Got all that? Some of this shit I had never heard before… but then, I had a tendency to miss a few classes when I was in school (fortunately my children were better students than I was). Now, here’s something I saw yesterday, but this time we won’t worry about blurring the plate (although, Merry I am going to contact you about a wee task I have that you might be able to help me with, after your last hysterical effort was so successful).
Clicking on it will make it bigger, but if for some reason this does not work for you, here is what it says: 301 DUH. Now do you see why I had to take a picture of it?! I used to fantasize that I could afford a vanity plate for the Wee Walnut, and I’d go over all the combinations of LUNARMOM, or URTHALUN, and try to figure out which would be the most fun. Now I think I just want my license plate to say DUH!

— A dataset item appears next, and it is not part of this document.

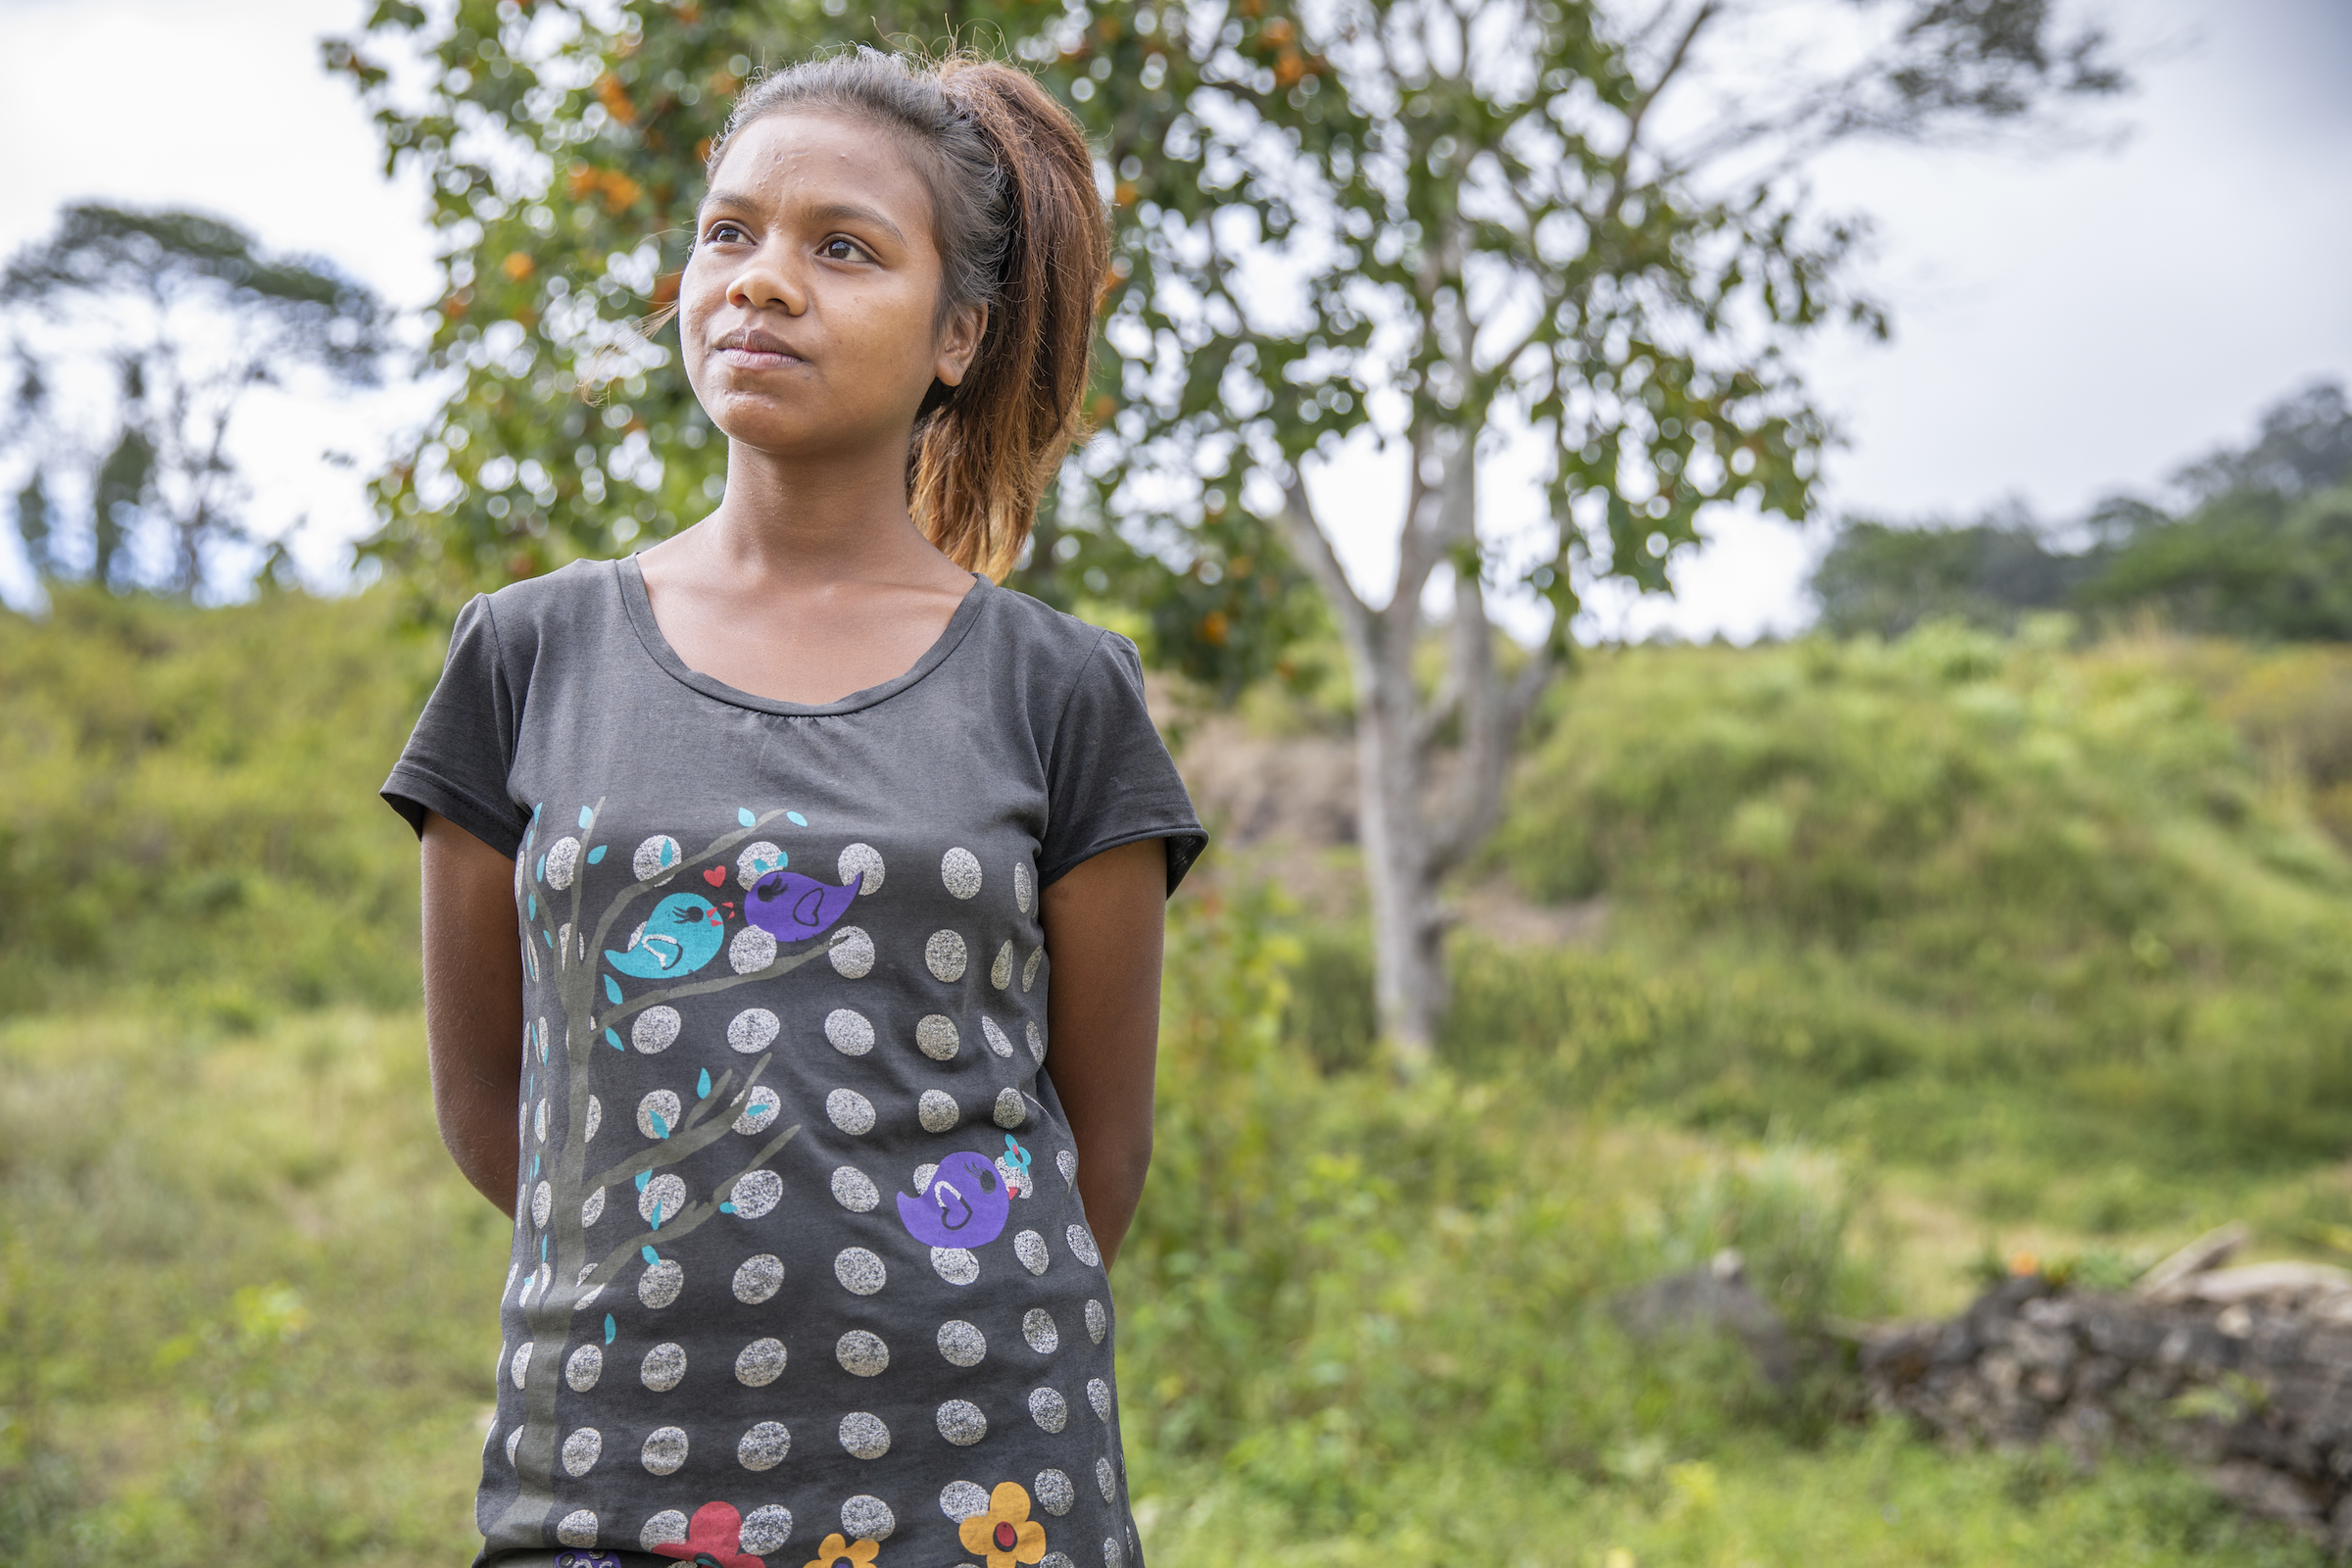 Living in the remote mountains of timor-leste, 18-year-old lourdes studied by solar lamp for years until her family received electricity. now she’s preparing to attend university in dili, the nation’s capital, where she dreams of being minister of education. photo: ezra millstein/mercy corps

Our next order of business is about Tim Gunn. If you do not know who he is, please google around (starting with the link I am including with his name). Then come back. We’ll wait…… All caught up? Okay, so you know I was reading his new book, or rather, I had picked up his new book, with the intention of reading it. That TBR pile was a smidge more ambitious than I had thought, so he needed to go back to the library, and I got on the waiting list anew.
Turned out that was a good thing because he had another book out that I had not read. You all know me well enough now that you see the difficulty. Can’t read the new book until I’ve read everything else, in order. So I read Tim Gunn: A Guide to Quality, Taste & Style. (I know, makes me laugh that I read this as well.) It was good, very informative, and you could really hear his voice in it. Then the new one arrived (again), and I’ve been reading that. It’s even better than his first one. Here’s a sample:
“I can’t imagine a more aesthetically offensive item of footwear than Crocs. That little strap! I shudder.
Plus, they are dangerous. I was at Bloomingdale’s and saw a little girl sobbing because the escalator had eaten her shoe. The charms (yes, there are charms that one can purchase to embellish those dreadful hunks of plastic) get caught on things, too. I’ve yet to see any condition where Crocs look good, including the beach. Why not flip-flops? I know Crocs are affordable. Well, so are Converse and lots of other brands that don’t look like hooves.”
If you do not already love this man as I do, that particular excerpt should sell you. (No really, I adore this guy like you can’t believe.) Now, I must admit, I have a pair of Croc knock-offs that I bought at Value Village or GoodWill or St Vinnie’s (some second hand place here in town that I frequent) for like fifty nine cents. They are so very freaking ugly, he’s right. Mine even more so than the norm.
But they are perfect for going to my pool, so I wear them. Sorry Tim, I do agree with you, but the price was right and my feet already look like they should be on the legs of Miss Piggy, so the shoes aren’t the problem.
Our card du jour is from Colette’s Wisdom of the Hidden Realms oracle deck. These illustrations are just phenomenal, and the message ties in nicely with what we have been discussing this week.
”The Sacred Union ~ partnership, romance.
The Sacred Union is all about beautiful, true partnership. It shows you that Spirit is listening and is always by your side, helping you co-create your greatest desires and manifest your destiny. When you receive this Ally, know that you are never alone on your path. Partnership with the Divine is yours whenever you need help.
The Sacred Union also represents the coming together of all kinds of harmonious alliances: friendships, family, business, and of course, romance. No matter what the form, this message pertains to the value of partnership and reminds you to observe the gifts bestowed upon you by this Sacred Union. This is a very positive omen.”